Task to carry out — When a line of the records contains "control", copy it.

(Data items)

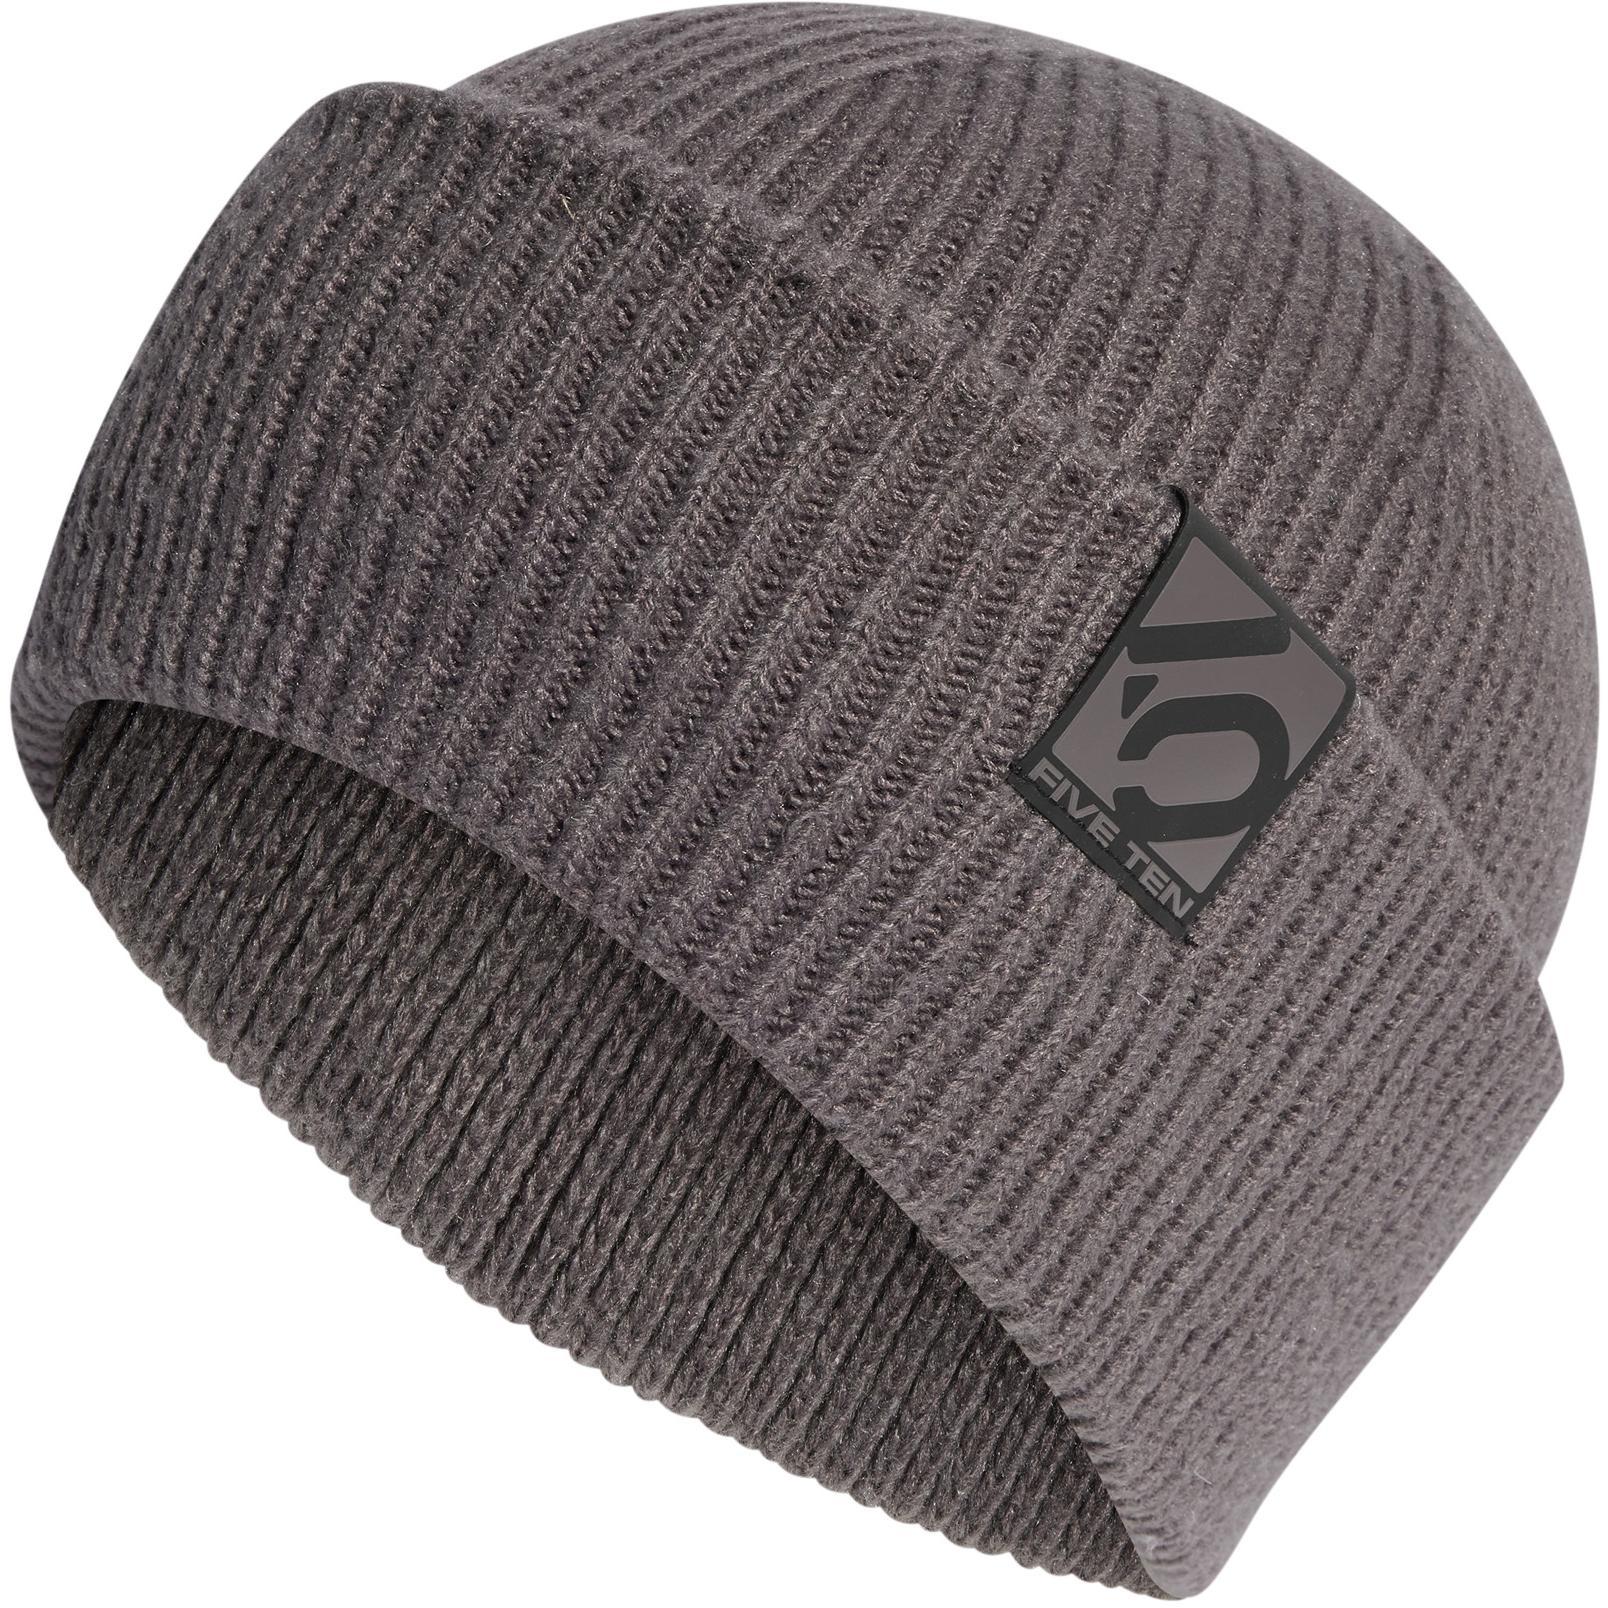 Picture of Five Ten Beanie - Charcoal / Black / White / Red
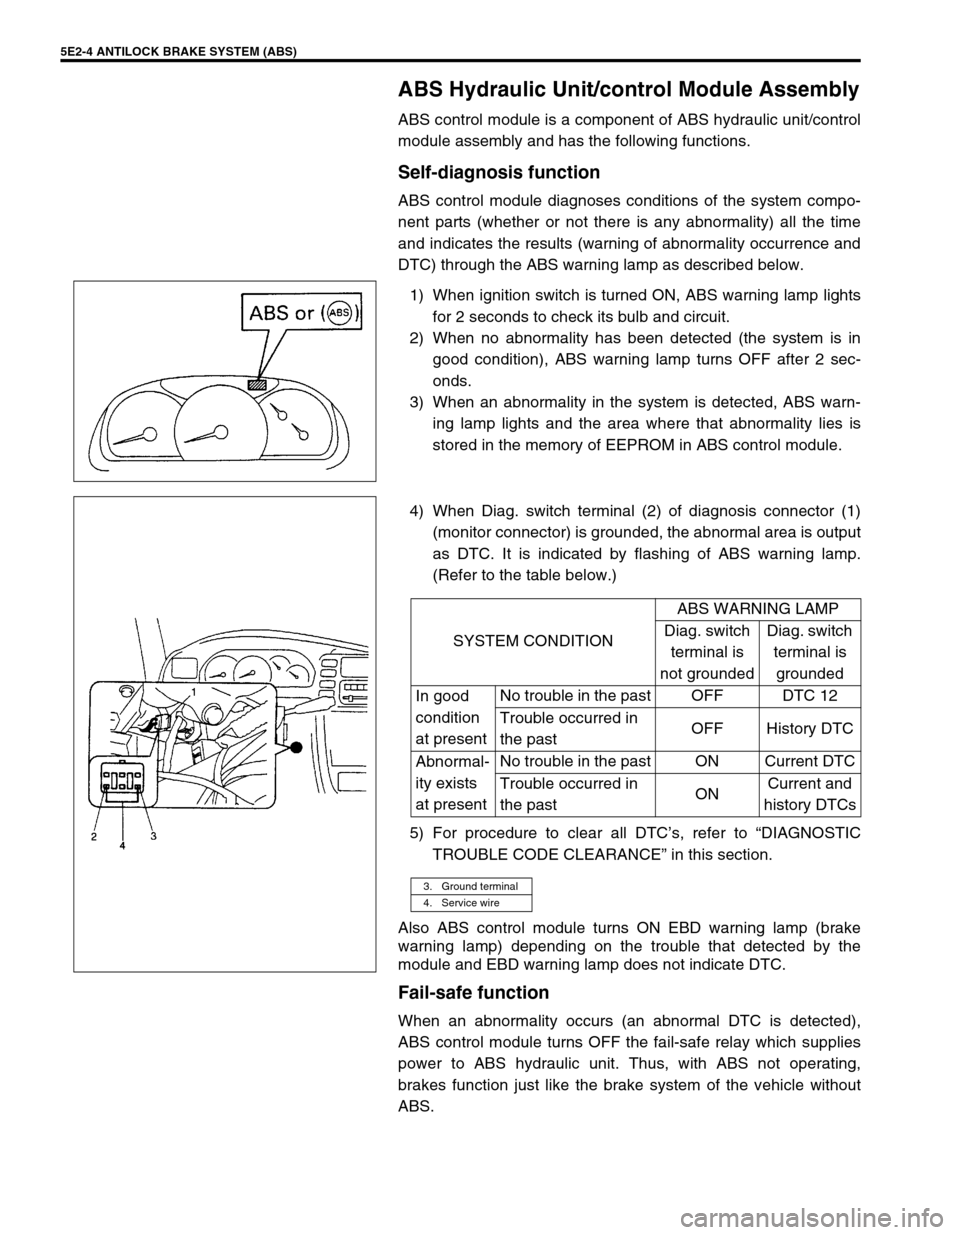 SUZUKI GRAND VITARA 2001 2.G Owners Manual 5E2-4 ANTILOCK BRAKE SYSTEM (ABS)
ABS Hydraulic Unit/control Module Assembly
ABS control module is a component of ABS hydraulic unit/control
module assembly and has the following functions.
Self-diagn
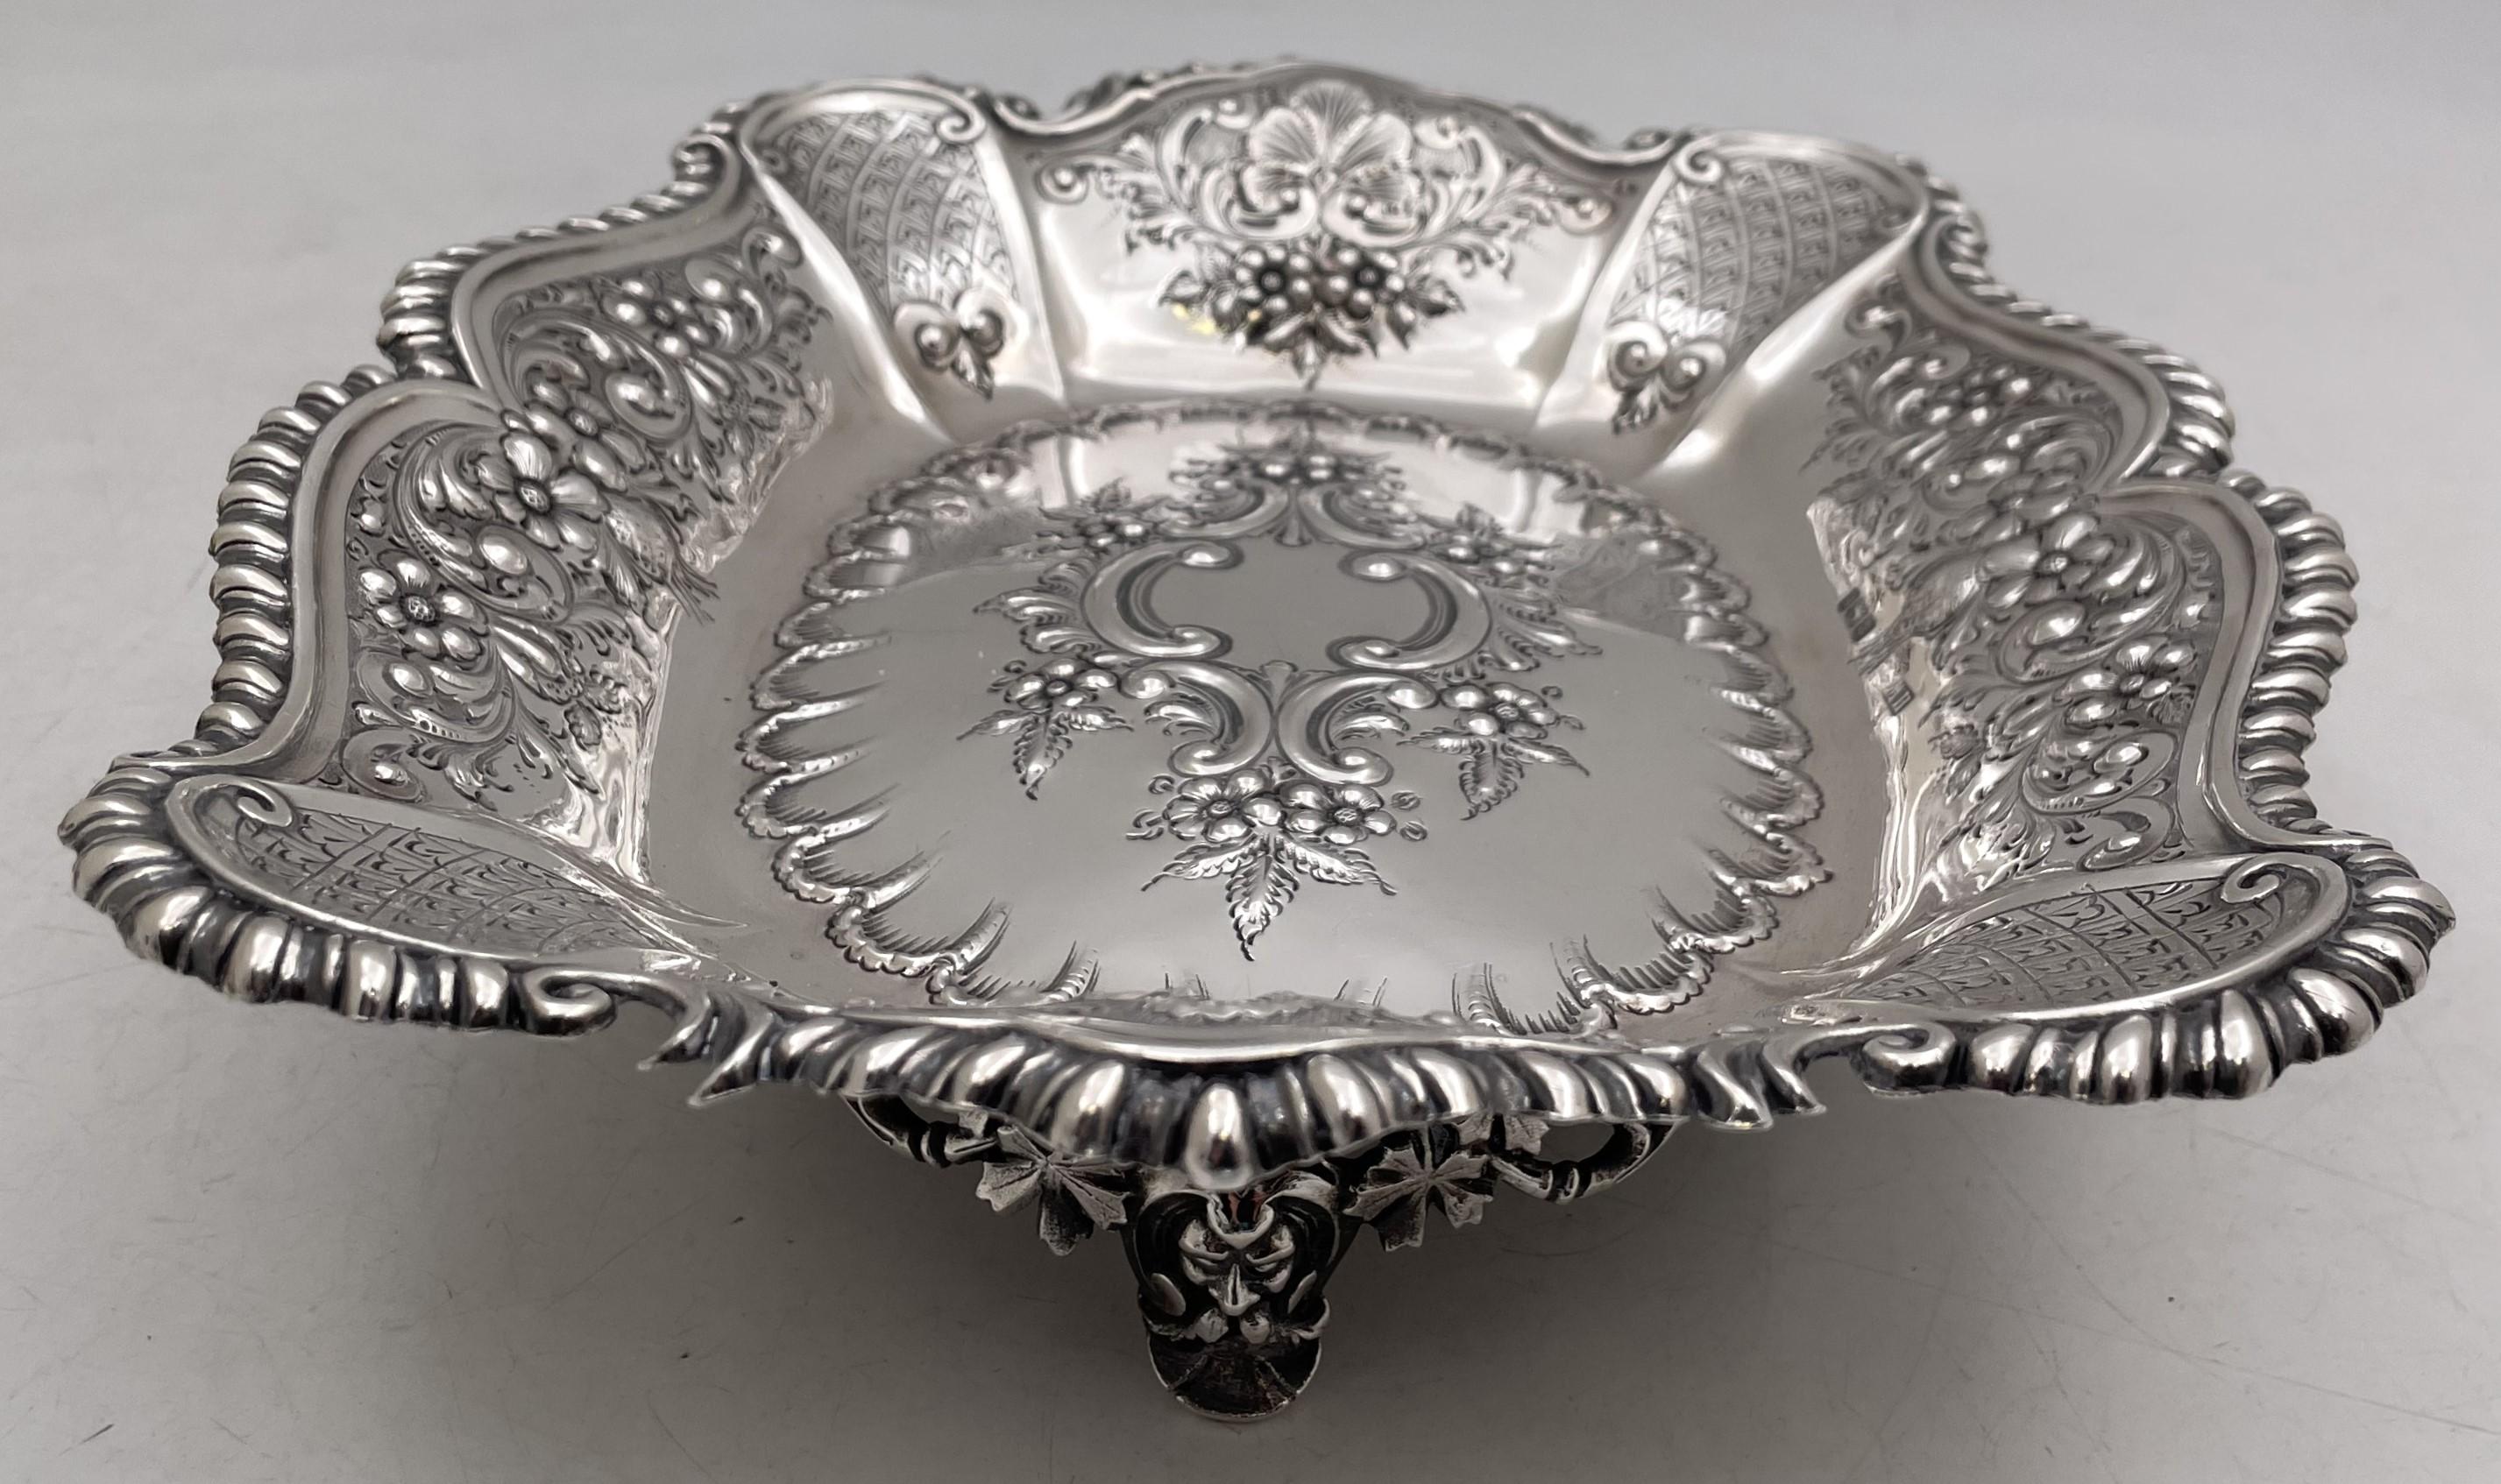 Lee & Wigfull English Sterling Silver 1902 Edwardian Bread Dish / Basket In Good Condition For Sale In New York, NY
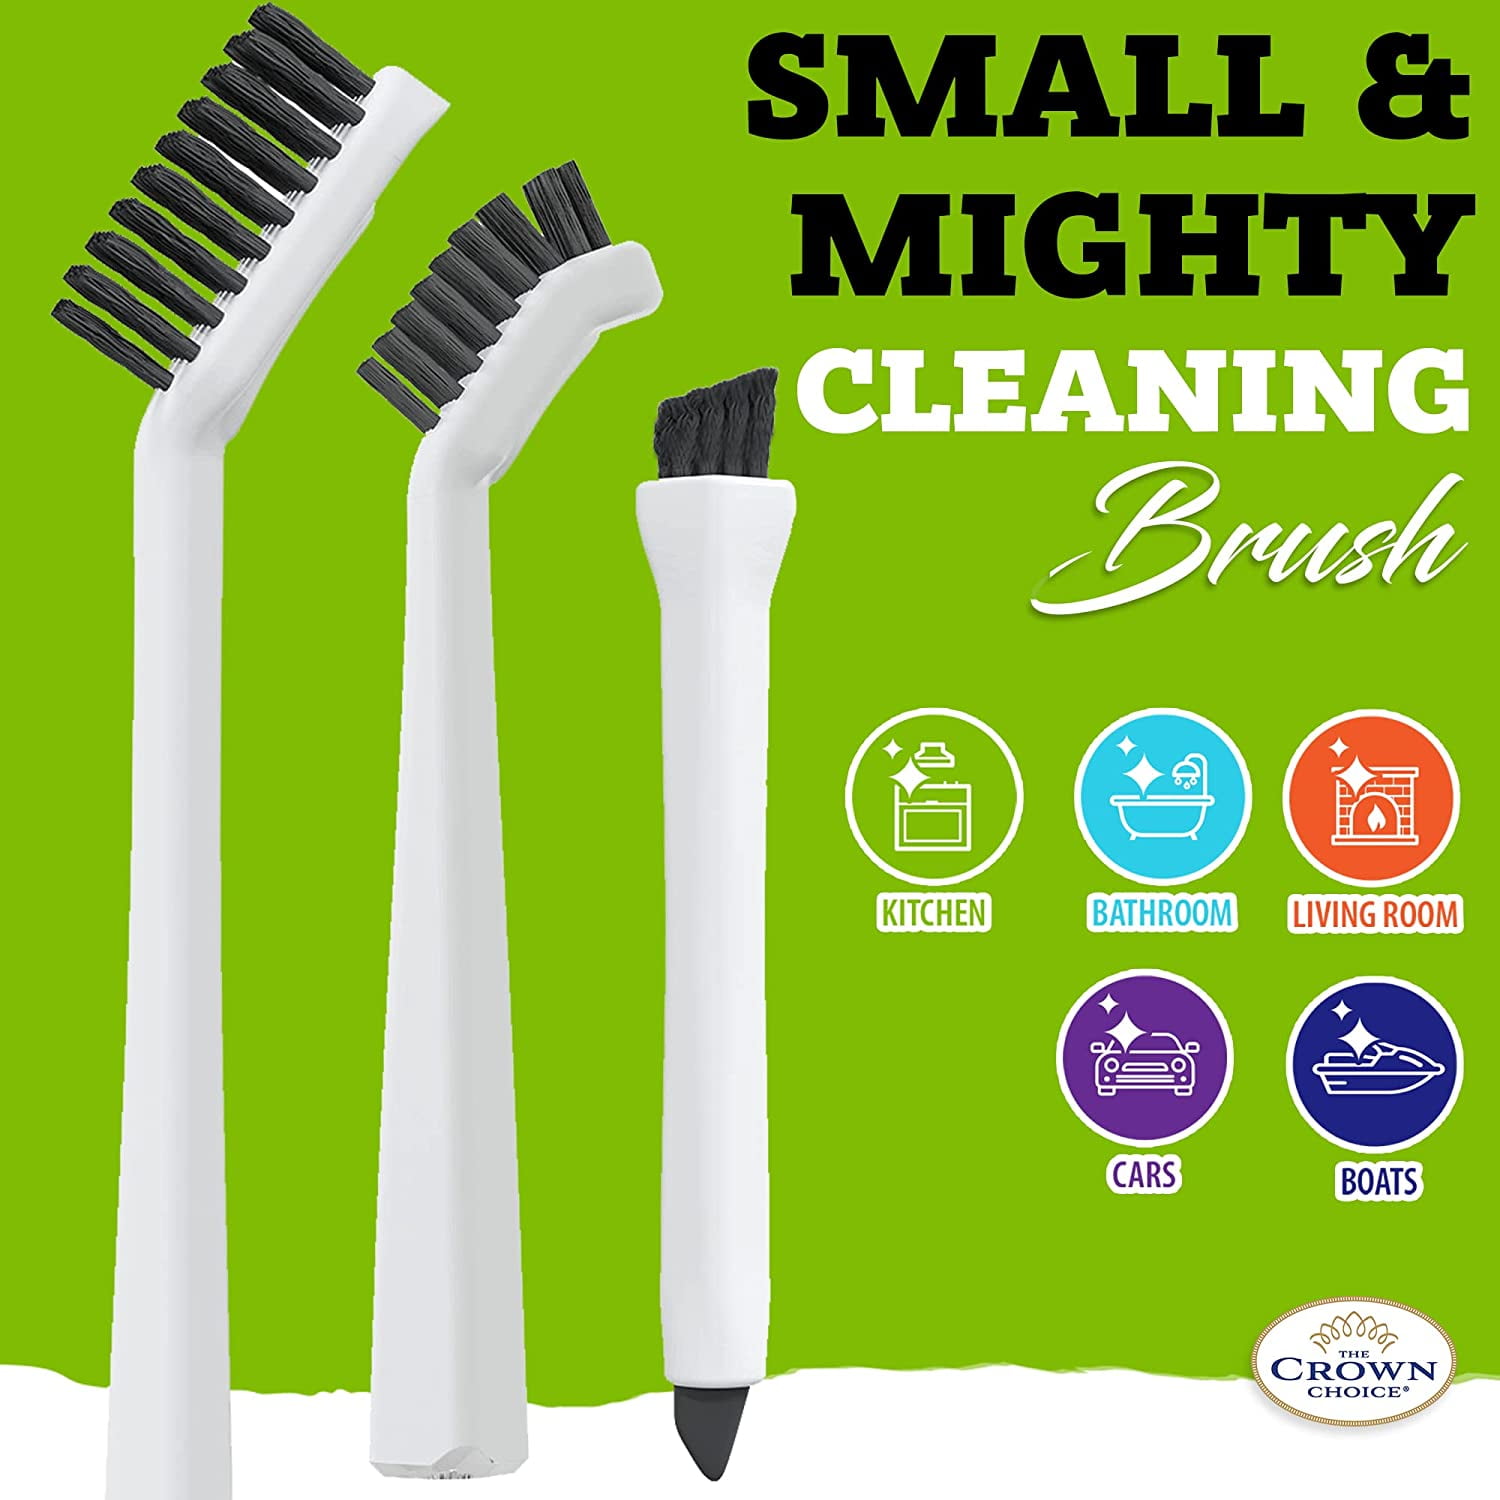 Living&Giving Grout Brush, (3 in 1) Grout Cleaner Brush, of - 3 Count (Pack of 1)

Result of the exercise —
ABS Hydraulic Unit/control Module Assembly
ABS control module is a component of ABS hydraulic unit/control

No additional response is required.